NEW YORK • Roger Federer reached a breaking point at the US Open on Friday.
It did not happen on court, where he played his best match of the tournament, blasting away Dan Evans of Britain just 80 minutes into a third-round tie in a noon start, the first on Friday's programme at Arthur Ashe Stadium.
What set the Swiss off and caused him to swear in a news conference, abandoning his usually impeccable decorum, was a suggestion that he is able to dictate the timing of his matches. The renowned night owl at Flushing Meadows said he could offer only his preferences to the schedule makers.
"But that doesn't mean 'Roger asks, Roger gets'," he said, then adding: "I have heard this s**t too often. I'm sick and tired of it, that I call the shots. The tournament and the TV stations do."
His minor outburst was part of the lingering fallout from a rainy Wednesday when many matches were postponed, except those played in the two arenas with roofs: Ashe and Louis Armstrong stadiums. That included Federer's match against Damir Dzumhur.
The 38-year-old, rested and sharp, cruised 6-2, 6-2, 6-1, with Evans still heavy-legged from his rain-delayed four-set match against Lucas Pouille on Thursday.
Evans, 29, was reluctant to blame Federer, whom he bonded with in Switzerland recently when he was invited to train with the 20-time Major champion for three days.
But he was not happy, explaining that he left the grounds at 6pm the previous day and was still tired.
"That wouldn't be the first time the higher-ranked player has had pull, so to speak," Evans said.
Last year, French player Julien Benneteau said that Federer has undue influence over scheduling, claiming that his representatives had demanded he not play in the Armstrong Stadium.
But US Open officials denied it and said they had always planned to have Federer, Serena Williams and Rafael Nadal play all their matches in Ashe, the premier stadium.
The daily schedule is made by tournament officials with input from the television networks, including ESPN at the US Open. Some of the top players are consulted.
Federer, who will play David Goffin of Belgium in the fourth round today, is not known to use expletives during his interviews.
He is usually couth, gracious and kind - owing to an incident in 2002 that changed his life altogether.
At 21, before he won his first Slam title, he showed great potential but his temperament was getting in the way of his performances. He often raised his voice and smashed rackets on court.

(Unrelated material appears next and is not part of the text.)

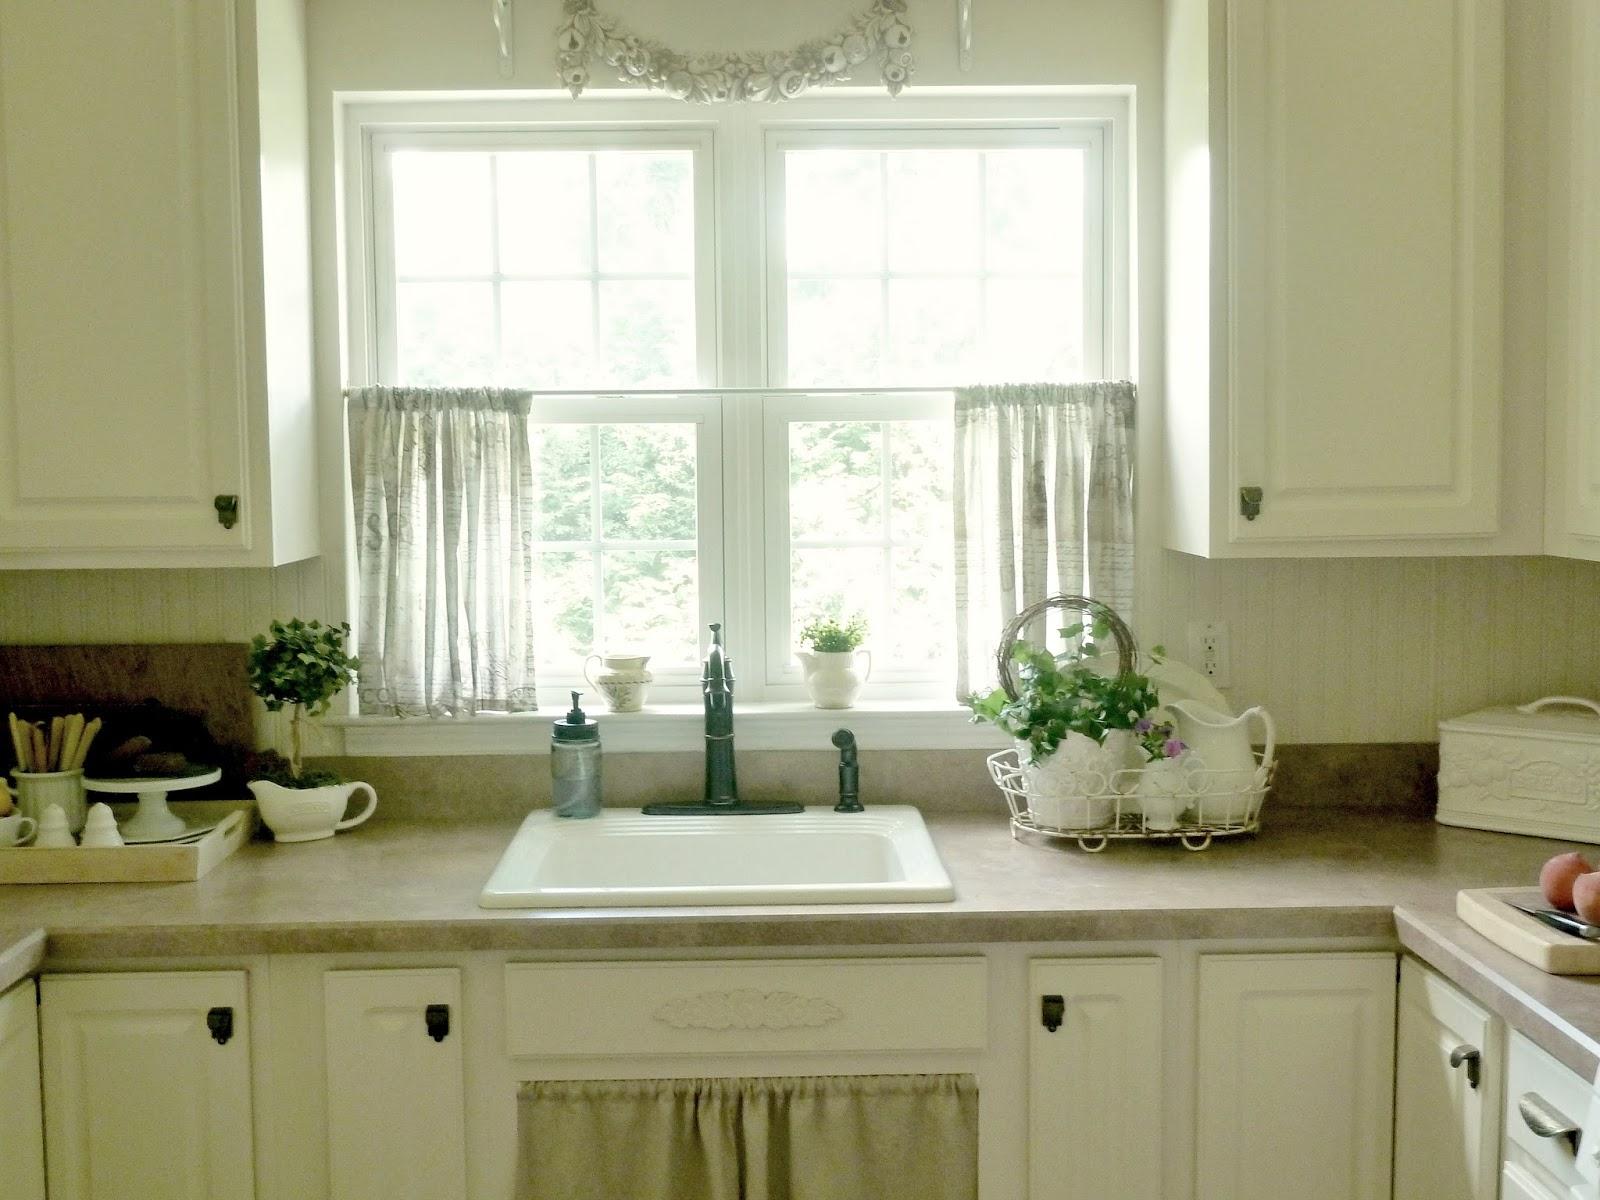 modern-mutfak-perdesi-seciminde-dikkat-edilmesi-mutfak-perdesi-secerken-dikkat-etmeniz-gerekenler-4 Mutfak perdesi seçerken dikkat etmeniz gerekenler

His coach Peter Carter realised his attitude was hindering him and taught him the importance of being polite and gracious in defeat. But Carter died in a car accident in 2002 and a devastated Federer decided then to become a respectable individual, first by working on overcoming his aggression.
He went on to win his first Slam at Wimbledon the following year, and the rest is history.
The frustrated Swiss added: "I'm still going to walk out even if they schedule me at 4 in the morning."
Meanwhile, Daniil Medvedev said he was working to "do better next time" after his middle-finger gesture angered the crowd in his 7-6 (7-1), 4-6, 7-6 (9-7), 6-4 third-round win over Feliciano Lopez.
The Russian fifth seed received a code violation for angrily snatching the towel from a ballperson, threw his racket and then covertly raised his middle finger next to his head as he began to walk.
"I was in the heat of the moment and started losing the momentum," said Medvedev, who was roundly booed by supporters after a fired-up post-match interview.